Inflammation and cytoskeleton pathway gene expression relates to rate of clinical progression in individuals with Alzheimers disease

Background Inflammatory changes are a key element of Alzheimer’s disease (AD)pathophysiology. However, there is lack of clarity regarding key gene drivers of the cytokines identified as playing a role in clinical AD progression and their relationship to AD biomarkers to understand their clinical role. Method We investigated transcriptomic datasets from Alzheimer’s Disease Neuroimaging Initiative (ADNI) and Harvard Brain Tissue Resource Center (HBTRC) to evaluate regulatory gene networks in human AD. We hypothesized that key inflammatory genes are differentially upregulated in AD, predicting clinical progression. ADNI peripheral blood transcriptomic data with cerebrospinal fluid (CSF) AD biomarker confirmed diagnosis was available for 30 AD dementia, 95 MCI, and 41 controls. This was next compared against HBTRC dorsolateral pre‐frontal cortex tissue gene expression data from 376 AD dementia and 173 controls with neuropathology confirmed diagnosis. The association between differentially expressed genes (DEGs) and change in cognition from baseline in ADNI, measured by clinical dementia rating scale ‐sum of boxes (CDR‐SB) at baseline 6, 12, 24 and 36 months using a linear mixed model (LMM) with random intercepts.
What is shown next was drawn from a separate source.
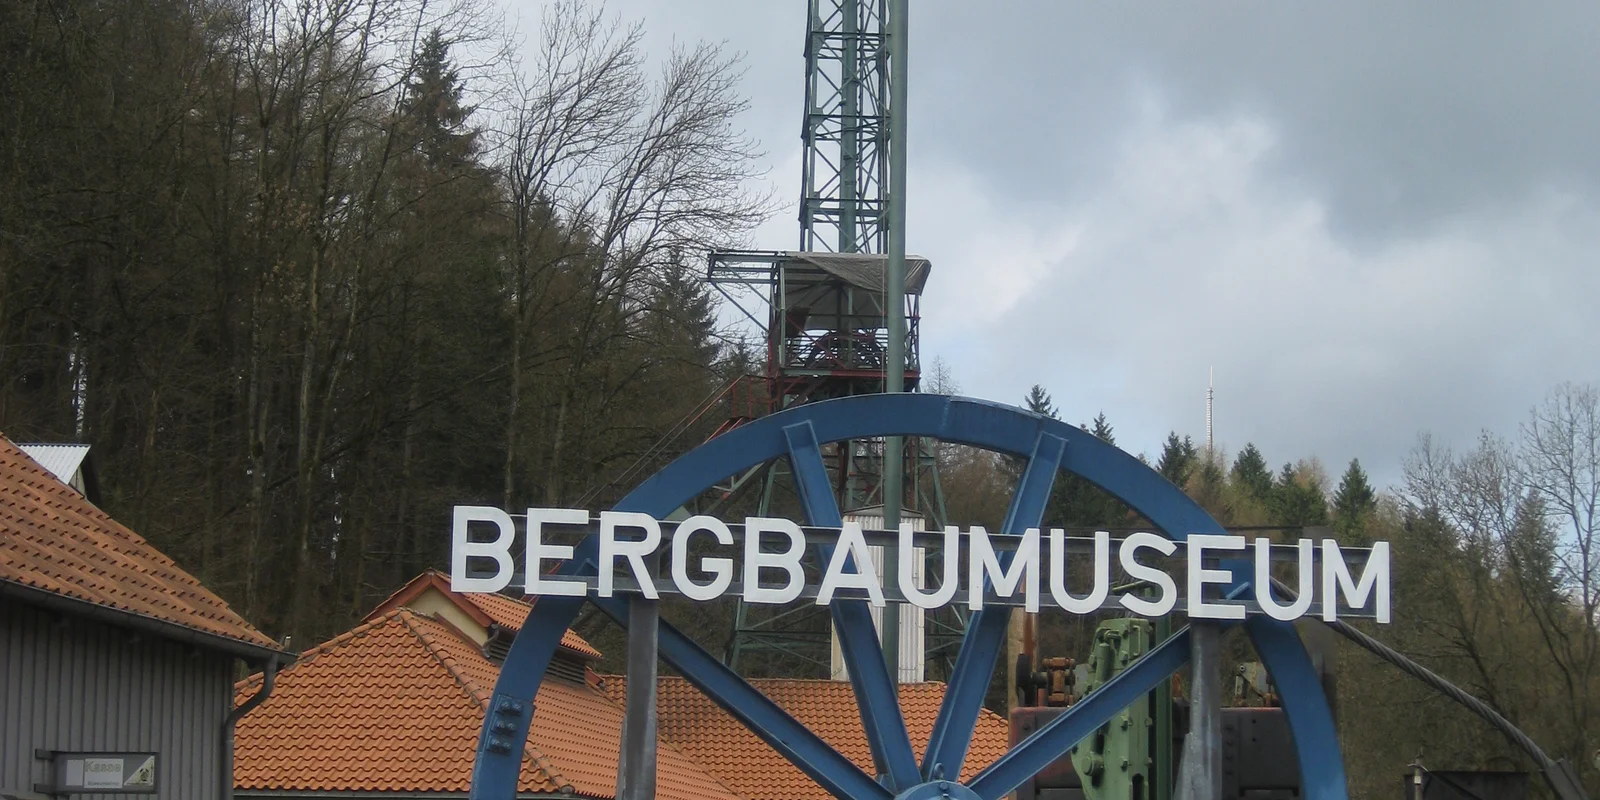 Großes Blaues Metallrad mit der Aufschrift "Bergbaumuseum"

Result We identified 170 DEGs between AD and controls common to ADNI and HBTRC. Among the DEGs, canonical inflammation signaling pathway genes were enriched. Using an FDR cutoff of 0.15, five genes (DUSP13, ANK1, SPTB, SLC6A and DMTN) were associated with significant CDR‐SB change from baseline in MCI and AD. Four of these genes were highly correlated (r2 > 0.8) and were involved in the Spectrin‐associated cytoskeleton pathway (GO:0014731). Among them, increased expression of DUSP13 in AD compared to controls (log2FC = 0.17) was associated with an increased decline in cognition (P = 0.001). An increased expression of ANK1 was related to reduced decline in cognition (P = 0.002) and ANK1 expression was lower in AD compared to MCI (log2FC = ‐0.16). CDR‐SB models incorporating gene expression for these significant genes were equivalent to or better than models incorporating CSF pTau, Aβ42, or MRI hippocampal volume when evaluated by Akaike information criterion. Conclusion Key peripheral inflammation and cytoskeletal gene expression relates to clinical progression in human AD. Validation of these results is an important future direction.